NADH16,0.000000,-5.538015e-03
NADTRHD,0.000000,-1.107603e-02
NH4t,1.154156,0.000000e+00
O2t,0.000000,0.000000e+00


### Metabolic Pathway Visualization

Now that the environmental conditions were contrained and the model simulated with FBA, one can run the `escher.Builder` method to obtain the escher map of the _E. coli_ core model. This will help the user to better visualize the flux distribution of the model, thus, making it simppler to manually detect any reaction that is deflecting flux from ethanol production.

In [4]:
# first import escher
import escher

In [5]:
# create the builder object wich contains the metabolic map
builder = escher.Builder(map_name='e_coli_core.Core metabolism', model=model, reaction_data=wt_solution.fluxes)
builder

Downloading Map from https://escher.github.io/1-0-0/6/maps/Escherichia%20coli/e_coli_core.Core%20metabolism.json


Builder(reaction_data={'PFK': 9.789458863898286, 'PFL': 17.804674217935304, 'PGI': 9.95660909530426, 'PGK': -1…
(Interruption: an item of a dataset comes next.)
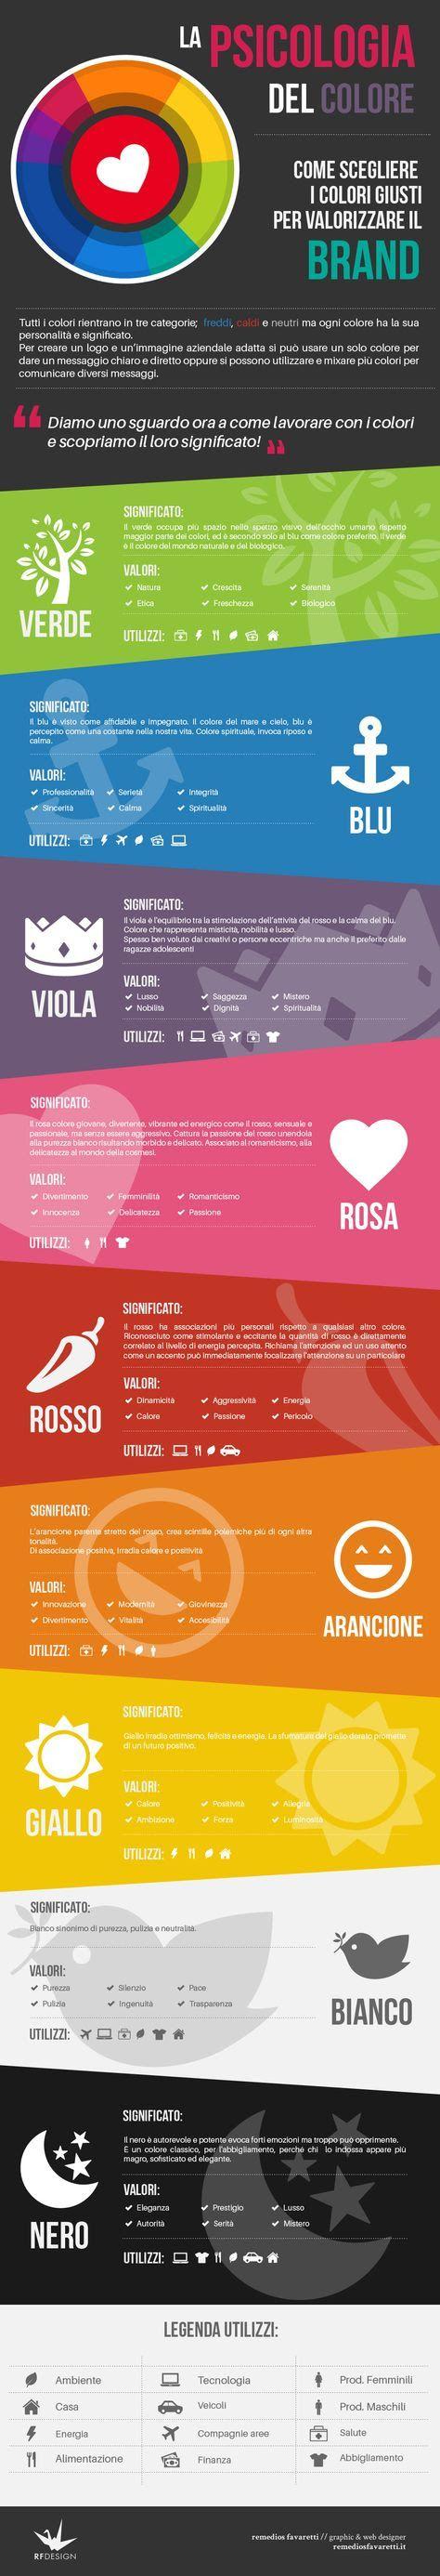 Inbox – gennaro.castagna1@gmail.com

From this map, one can quickly identify two reactions that are deflecting flux from ethanol production. These are the Citrate Synthase and the Phosphotransacetylase.

### Search for essential Genes

Now that we have two candidate reactions, we can use the `find_essential_genes` function of the flux analysis package to determine a list of essential genes for this model. This list contains all the genes whose knock out would result in no biomass production. 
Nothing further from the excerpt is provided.